Assignment:
Your answer should hold the data exactly as given, minus any picture.

Dataset excerpt:
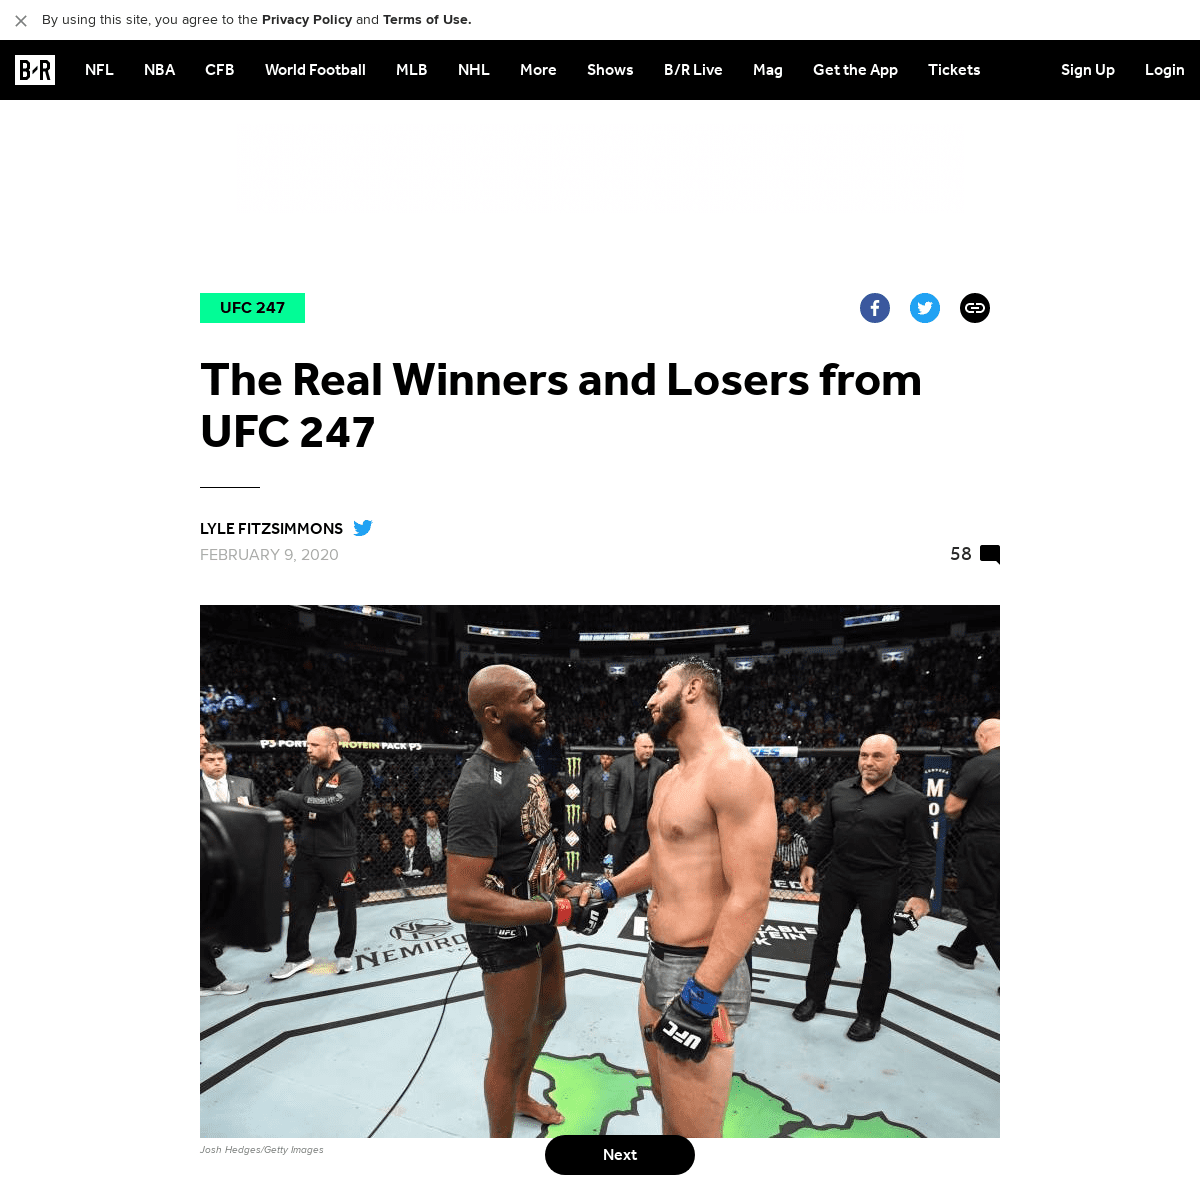 A complete backup of bleacherreport.com/articles/2875452-the-real-winners-and-losers-from-ufc-247
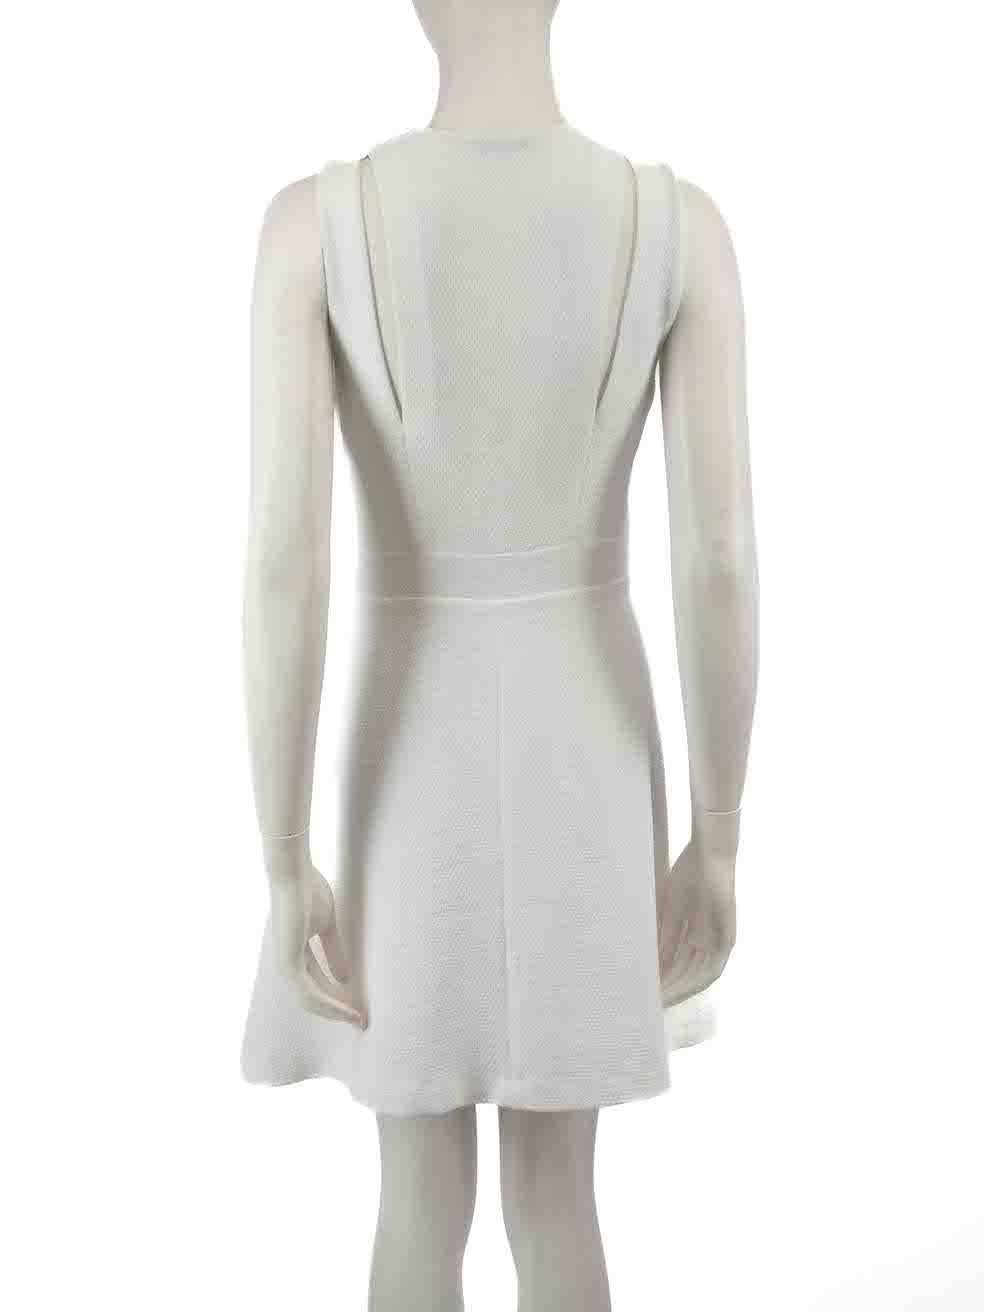 Sandro White Cut Out Detail Mini Dress Size M In Good Condition For Sale In London, GB
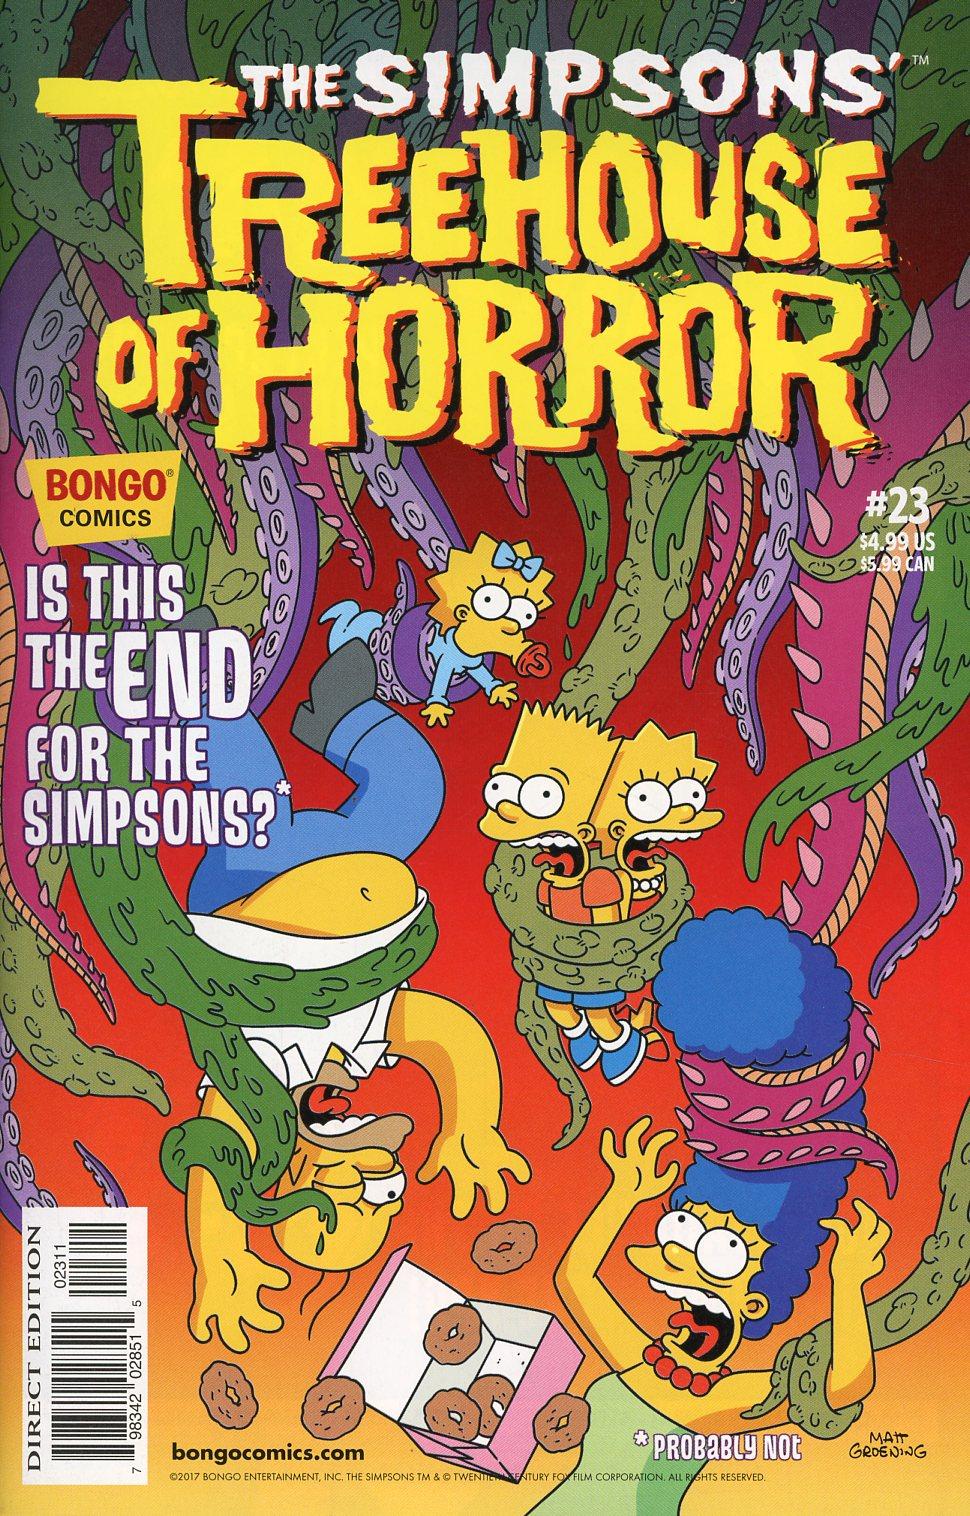 Simpsons Treehouse Of Horror Vol. 1 #23
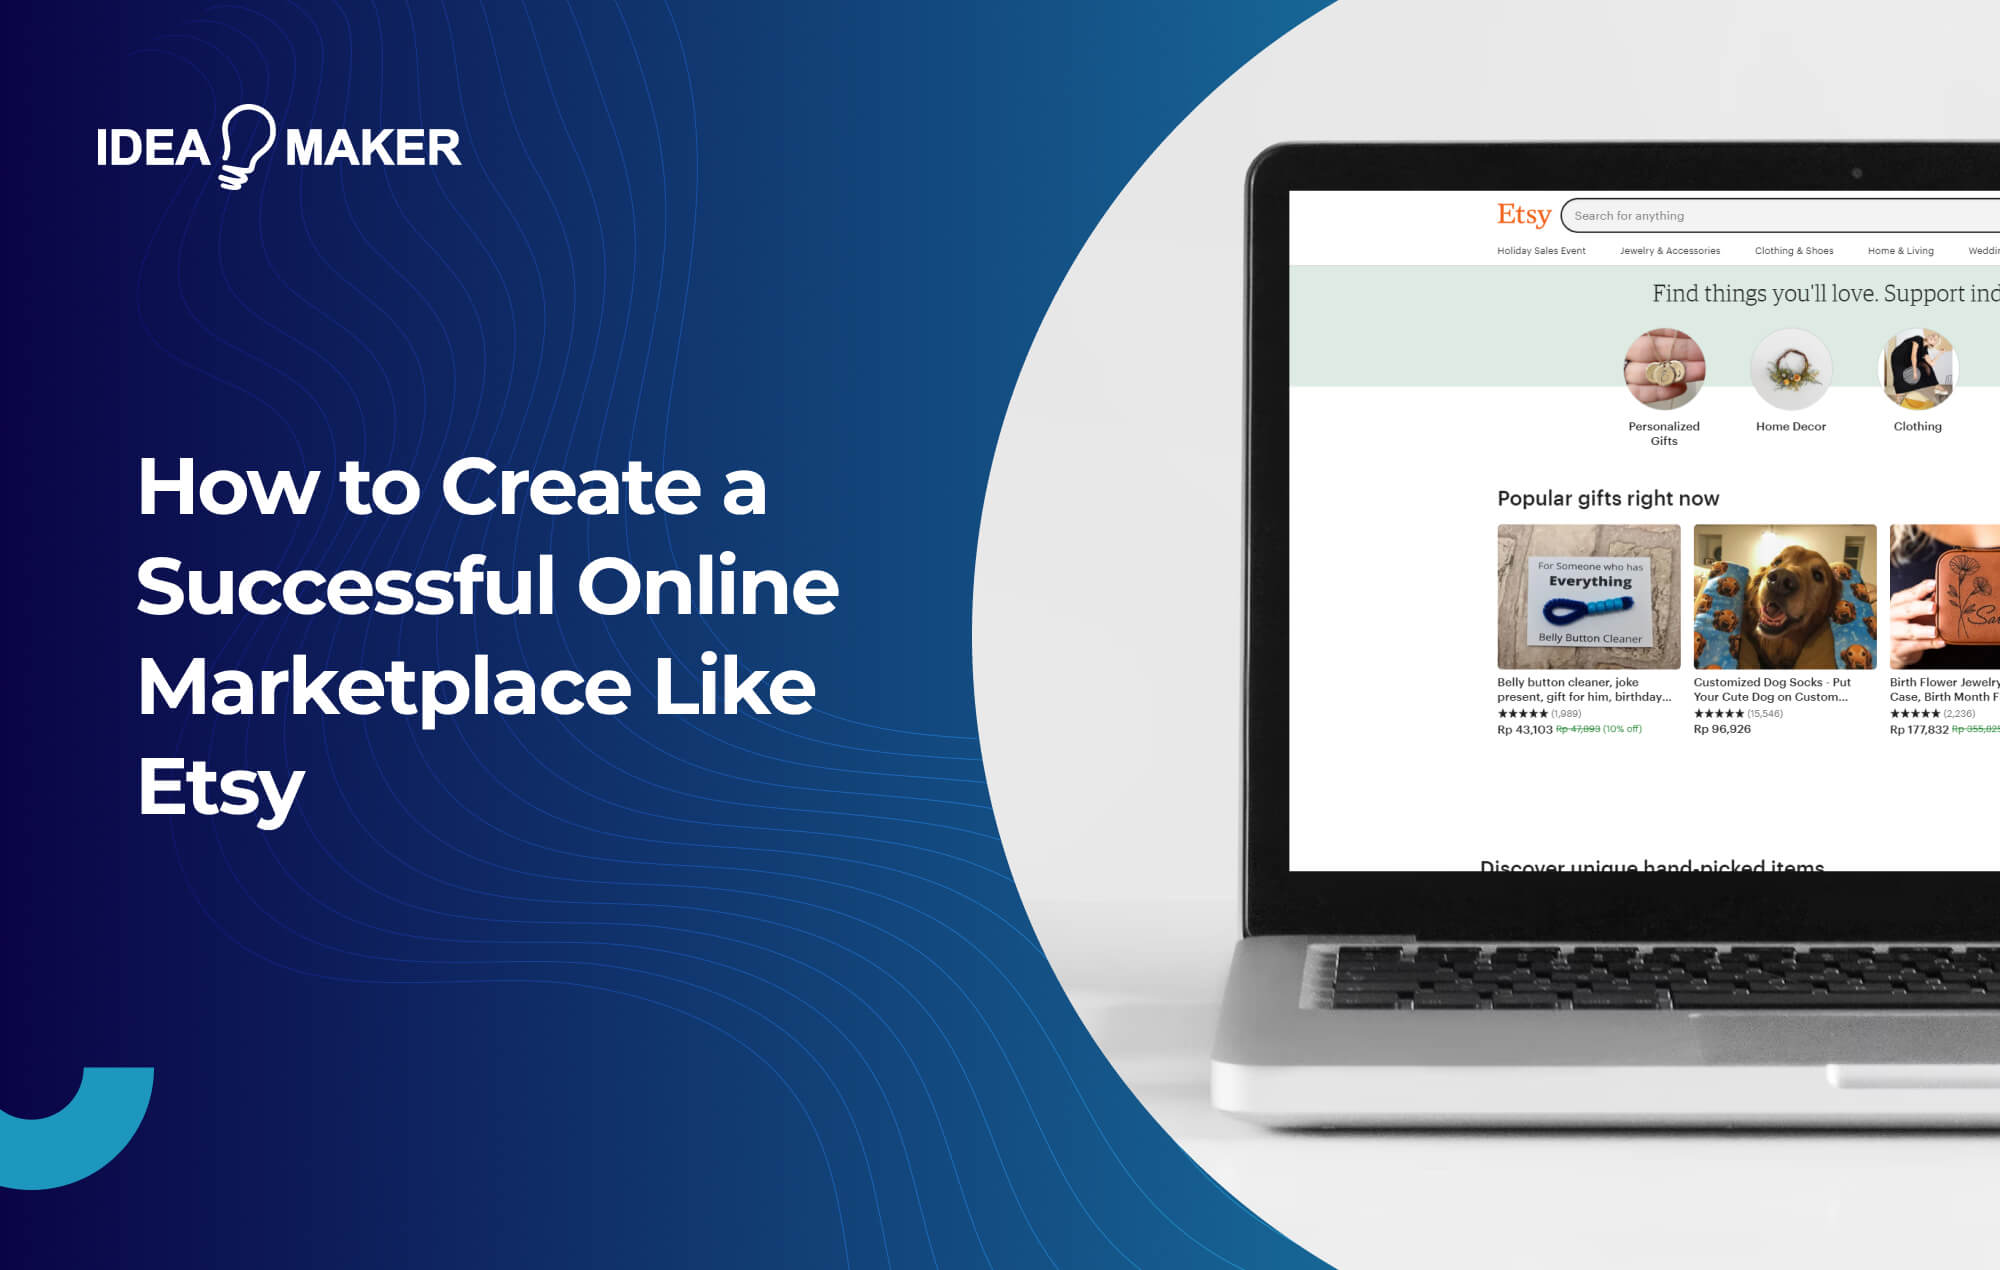 Ideamaker - How to Create a Successful Online Marketplace Like Etsy

Answer to the problem:
 A complete backup of bleacherreport.com/articles/2875452-the-real-winners-and-losers-from-ufc-247
 Sandro White Cut Out Detail Mini Dress Size M In Good Condition For Sale In London, GB
 Simpsons Treehouse Of Horror Vol. 1 #23
 Ideamaker - How to Create a Successful Online Marketplace Like Etsy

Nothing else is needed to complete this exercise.